> WORK REQUIRED
The answer must consist solely of the lines from the one with "Lịch thi đấu" through the last line of the data, copied exactly, with no pictures.

(Dataset records)
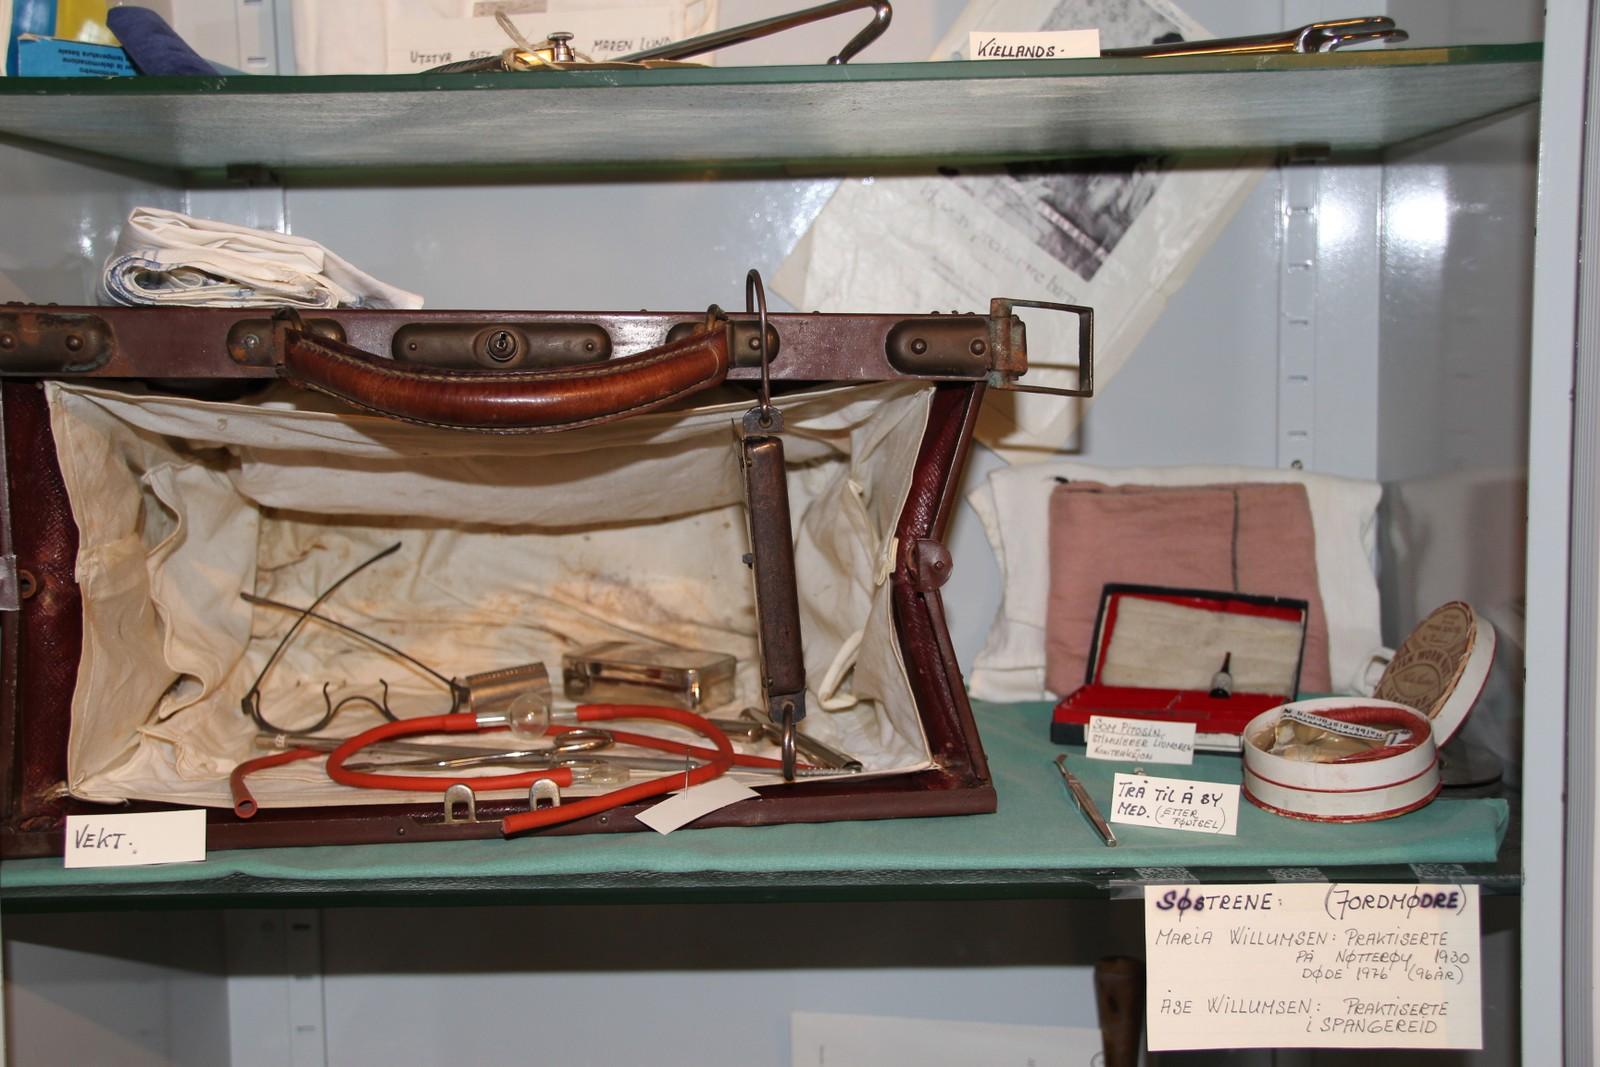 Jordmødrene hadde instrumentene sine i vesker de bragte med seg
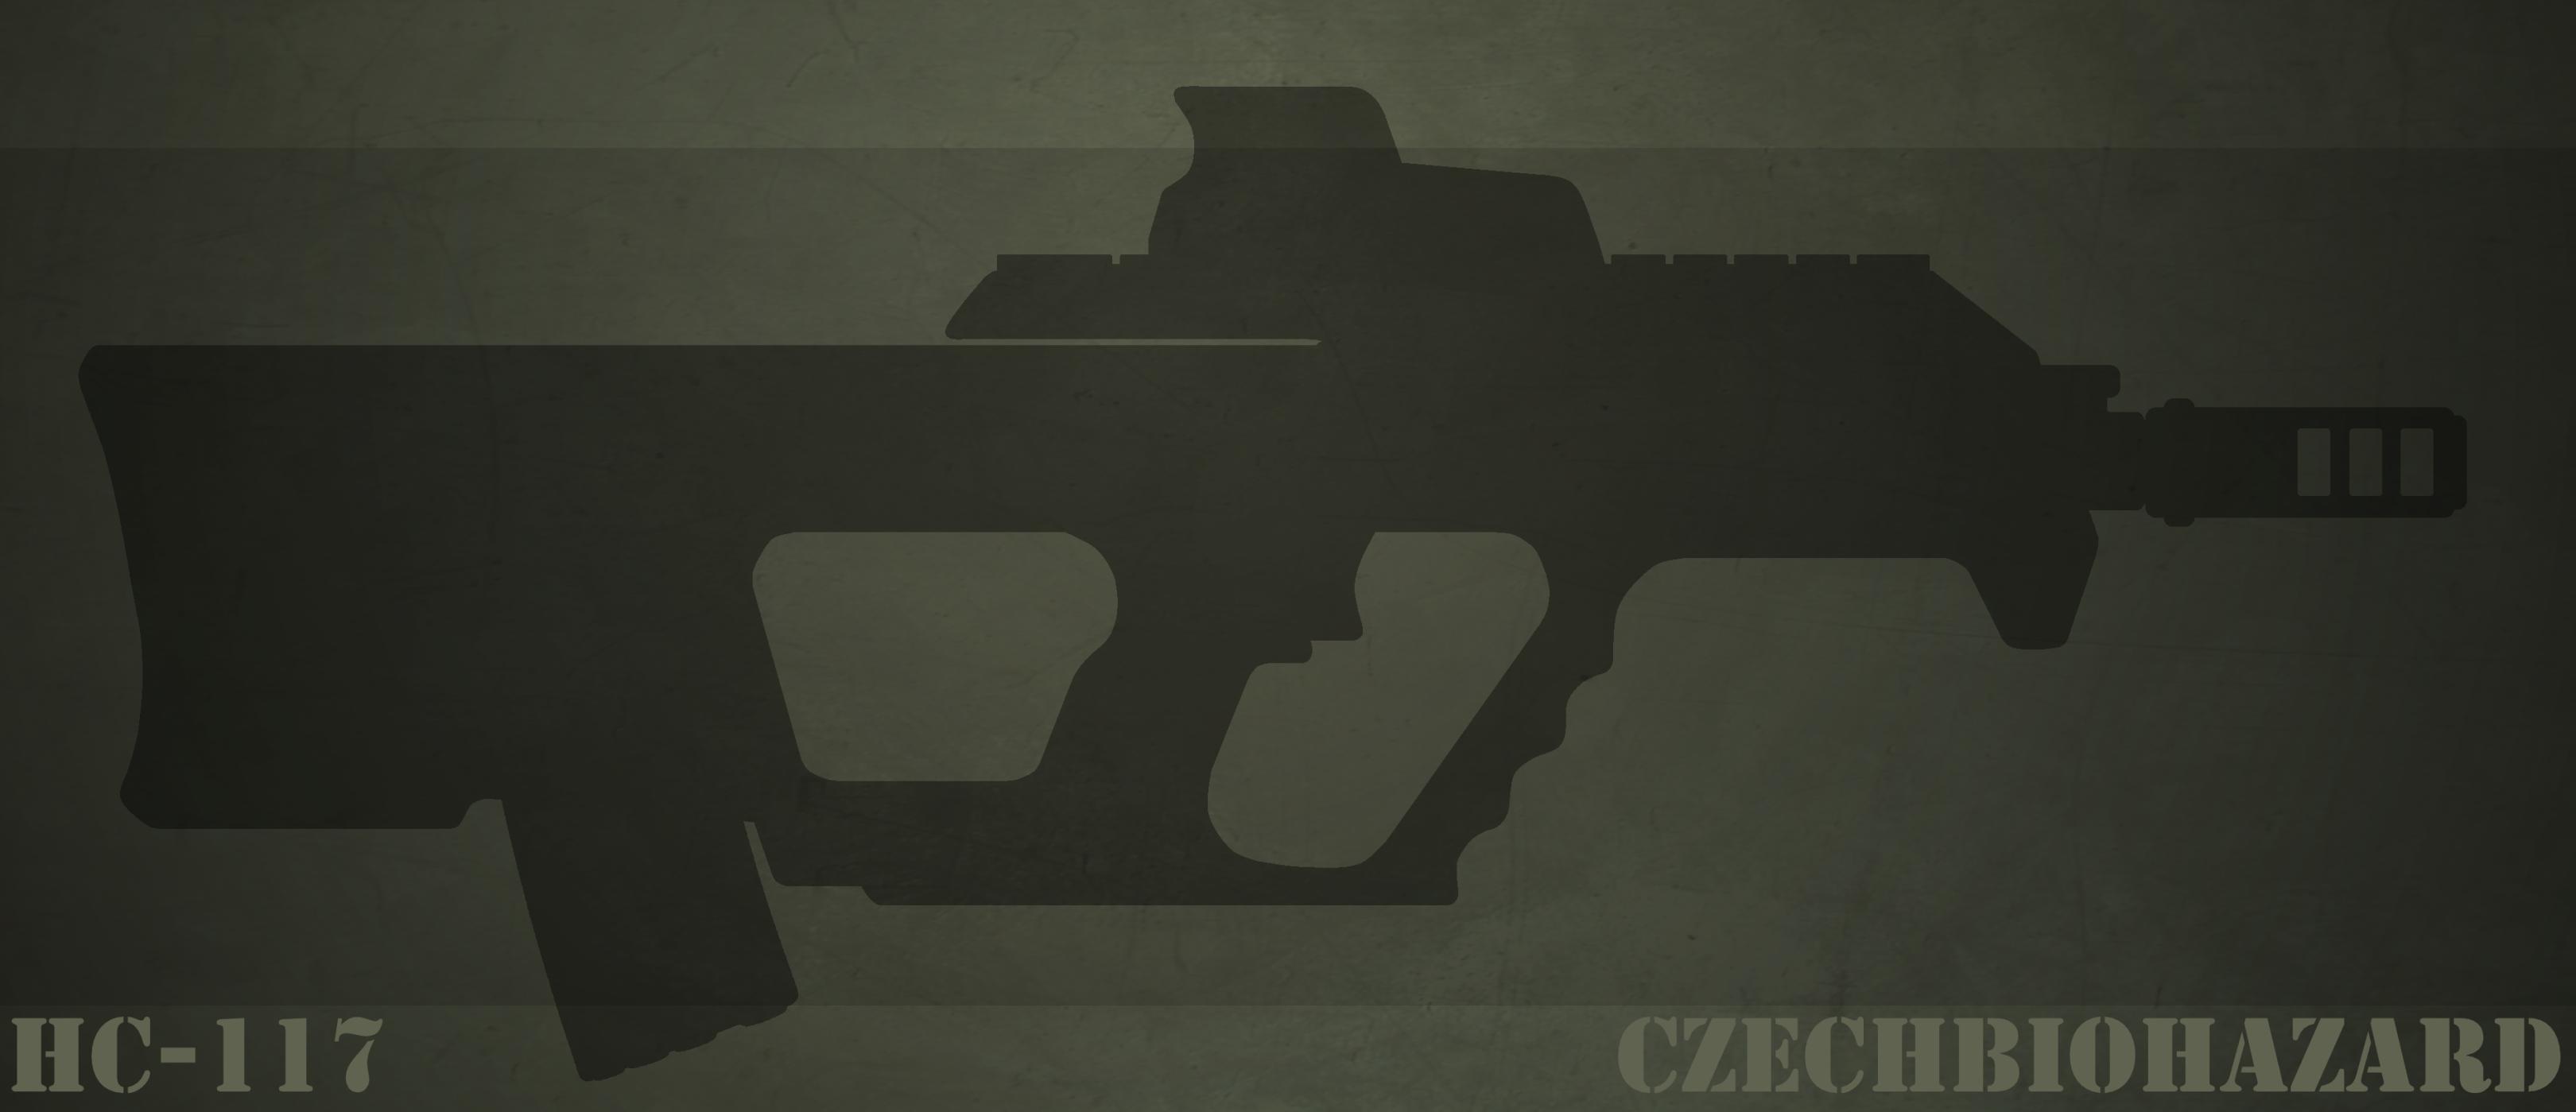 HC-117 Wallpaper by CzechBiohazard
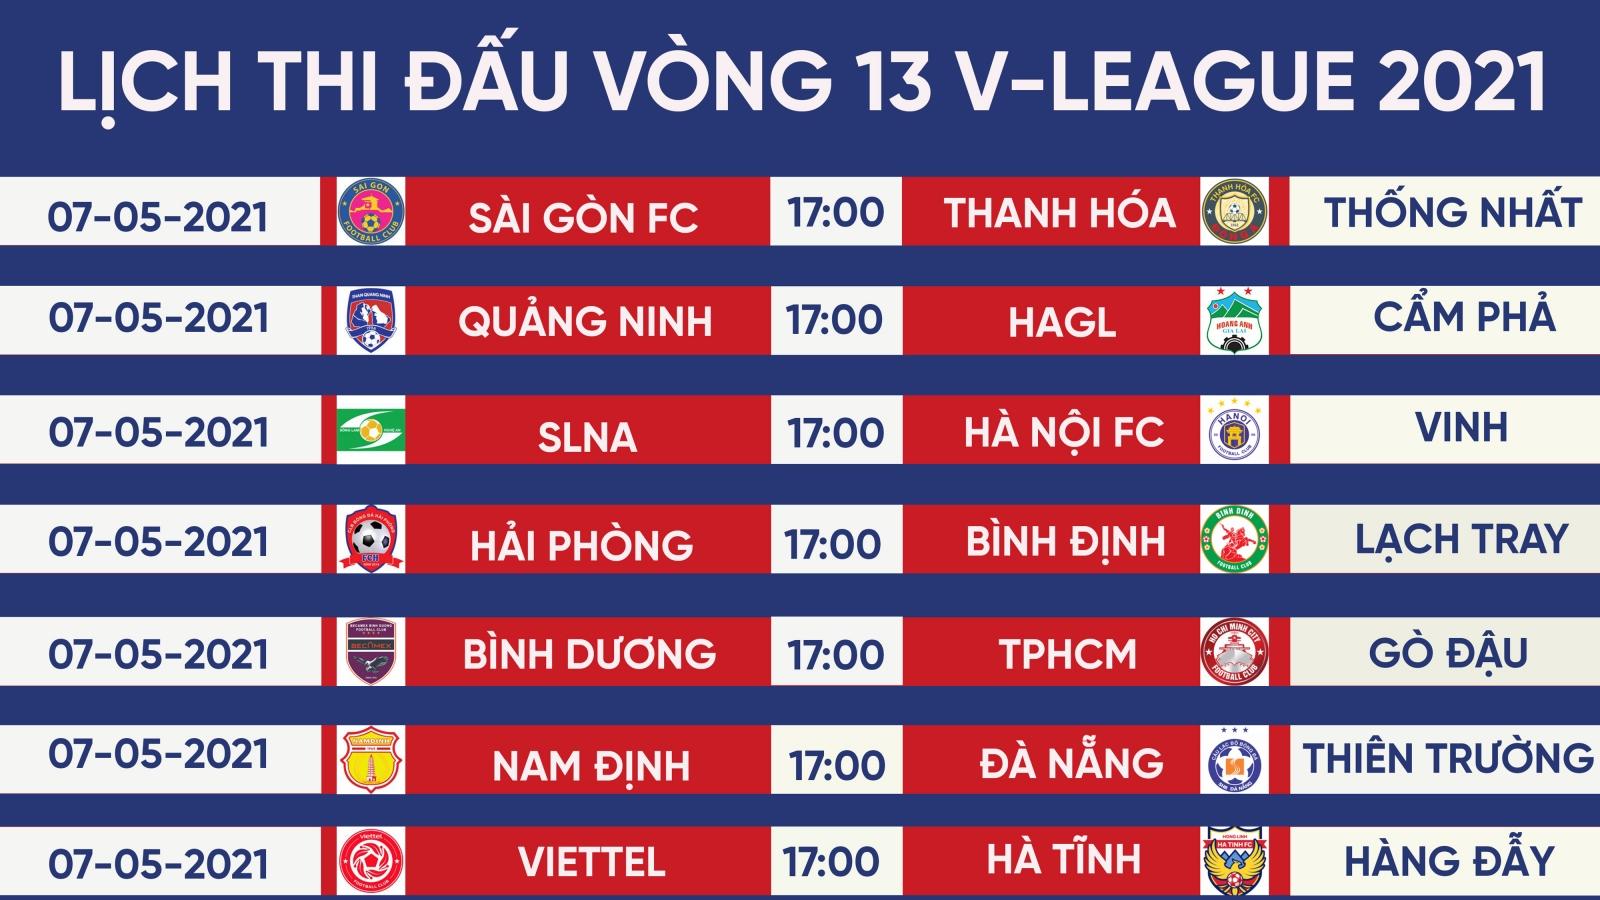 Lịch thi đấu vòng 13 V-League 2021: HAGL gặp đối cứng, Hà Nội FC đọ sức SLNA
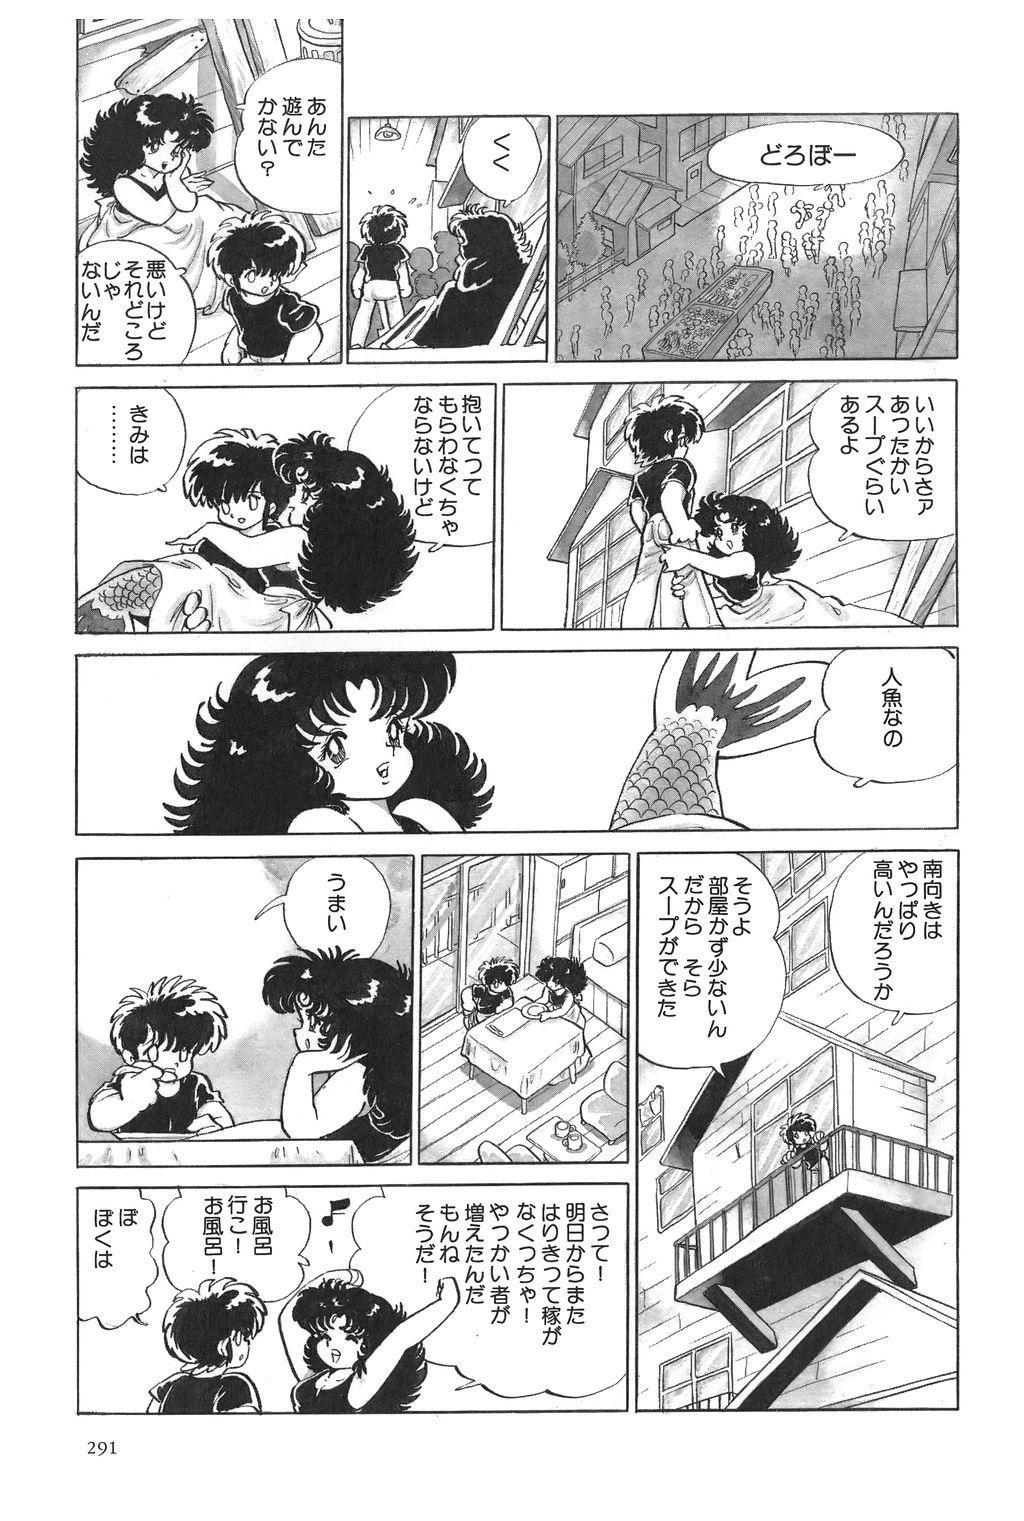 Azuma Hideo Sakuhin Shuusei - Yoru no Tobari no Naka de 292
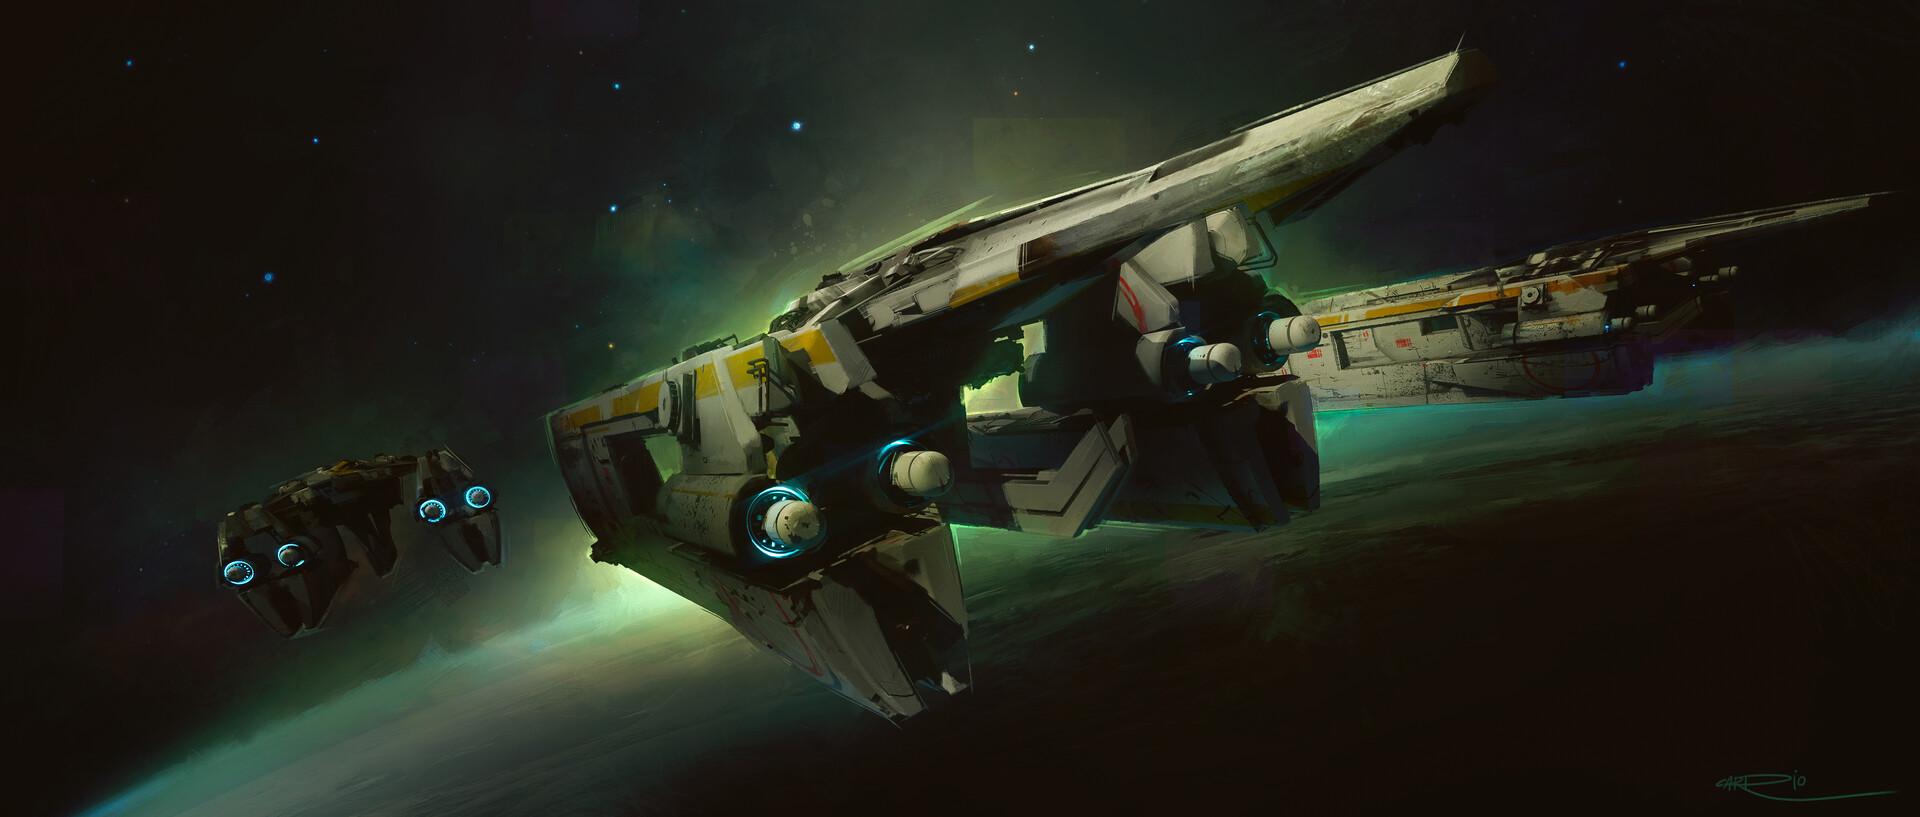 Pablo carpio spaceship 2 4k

> EXERCISE ANSWER
 Lịch thi đấu vòng 13 V-League 2021: HAGL gặp đối cứng, Hà Nội FC đọ sức SLNA
 Azuma Hideo Sakuhin Shuusei - Yoru no Tobari no Naka de 292
 Pablo carpio spaceship 2 4k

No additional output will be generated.